• [Brief] What you return must match the records exactly.

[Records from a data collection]
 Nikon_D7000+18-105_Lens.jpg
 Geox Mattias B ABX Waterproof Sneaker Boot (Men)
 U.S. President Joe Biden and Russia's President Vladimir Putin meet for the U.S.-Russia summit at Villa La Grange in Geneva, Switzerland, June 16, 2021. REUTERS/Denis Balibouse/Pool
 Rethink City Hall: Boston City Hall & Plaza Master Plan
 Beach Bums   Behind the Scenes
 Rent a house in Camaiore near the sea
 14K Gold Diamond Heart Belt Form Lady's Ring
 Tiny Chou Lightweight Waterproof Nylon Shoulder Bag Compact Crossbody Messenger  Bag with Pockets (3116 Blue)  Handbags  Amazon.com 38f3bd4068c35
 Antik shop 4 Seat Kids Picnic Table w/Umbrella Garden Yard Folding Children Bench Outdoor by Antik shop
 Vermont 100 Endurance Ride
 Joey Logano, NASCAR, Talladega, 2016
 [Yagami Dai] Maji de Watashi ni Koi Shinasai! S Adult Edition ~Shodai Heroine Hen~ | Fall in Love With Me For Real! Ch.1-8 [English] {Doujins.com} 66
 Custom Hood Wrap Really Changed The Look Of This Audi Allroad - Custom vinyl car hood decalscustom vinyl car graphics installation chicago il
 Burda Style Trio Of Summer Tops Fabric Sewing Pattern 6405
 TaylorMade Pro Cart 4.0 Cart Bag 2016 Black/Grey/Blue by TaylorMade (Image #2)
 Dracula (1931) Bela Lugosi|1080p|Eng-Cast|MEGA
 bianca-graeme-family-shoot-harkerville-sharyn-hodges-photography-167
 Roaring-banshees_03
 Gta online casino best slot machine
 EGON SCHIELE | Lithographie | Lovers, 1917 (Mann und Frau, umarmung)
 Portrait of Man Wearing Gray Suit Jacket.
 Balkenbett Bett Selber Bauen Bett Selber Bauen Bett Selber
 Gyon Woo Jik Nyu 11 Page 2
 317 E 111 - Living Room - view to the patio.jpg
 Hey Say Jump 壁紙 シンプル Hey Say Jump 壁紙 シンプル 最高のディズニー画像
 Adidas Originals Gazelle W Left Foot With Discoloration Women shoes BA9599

• [Solution for this task]
 Nikon_D7000+18-105_Lens.jpg
 Geox Mattias B ABX Waterproof Sneaker Boot (Men)
 U.S. President Joe Biden and Russia's President Vladimir Putin meet for the U.S.-Russia summit at Villa La Grange in Geneva, Switzerland, June 16, 2021. REUTERS/Denis Balibouse/Pool
 Rethink City Hall: Boston City Hall & Plaza Master Plan
 Beach Bums   Behind the Scenes
 Rent a house in Camaiore near the sea
 14K Gold Diamond Heart Belt Form Lady's Ring
 Tiny Chou Lightweight Waterproof Nylon Shoulder Bag Compact Crossbody Messenger  Bag with Pockets (3116 Blue)  Handbags  Amazon.com 38f3bd4068c35
 Antik shop 4 Seat Kids Picnic Table w/Umbrella Garden Yard Folding Children Bench Outdoor by Antik shop
 Vermont 100 Endurance Ride
 Joey Logano, NASCAR, Talladega, 2016
 [Yagami Dai] Maji de Watashi ni Koi Shinasai! S Adult Edition ~Shodai Heroine Hen~ | Fall in Love With Me For Real! Ch.1-8 [English] {Doujins.com} 66
 Custom Hood Wrap Really Changed The Look Of This Audi Allroad - Custom vinyl car hood decalscustom vinyl car graphics installation chicago il
 Burda Style Trio Of Summer Tops Fabric Sewing Pattern 6405
 TaylorMade Pro Cart 4.0 Cart Bag 2016 Black/Grey/Blue by TaylorMade (Image #2)
 Dracula (1931) Bela Lugosi|1080p|Eng-Cast|MEGA
 bianca-graeme-family-shoot-harkerville-sharyn-hodges-photography-167
 Roaring-banshees_03
 Gta online casino best slot machine
 EGON SCHIELE | Lithographie | Lovers, 1917 (Mann und Frau, umarmung)
 Portrait of Man Wearing Gray Suit Jacket.
 Balkenbett Bett Selber Bauen Bett Selber Bauen Bett Selber
 Gyon Woo Jik Nyu 11 Page 2
 317 E 111 - Living Room - view to the patio.jpg
 Hey Say Jump 壁紙 シンプル Hey Say Jump 壁紙 シンプル 最高のディズニー画像
 Adidas Originals Gazelle W Left Foot With Discoloration Women shoes BA9599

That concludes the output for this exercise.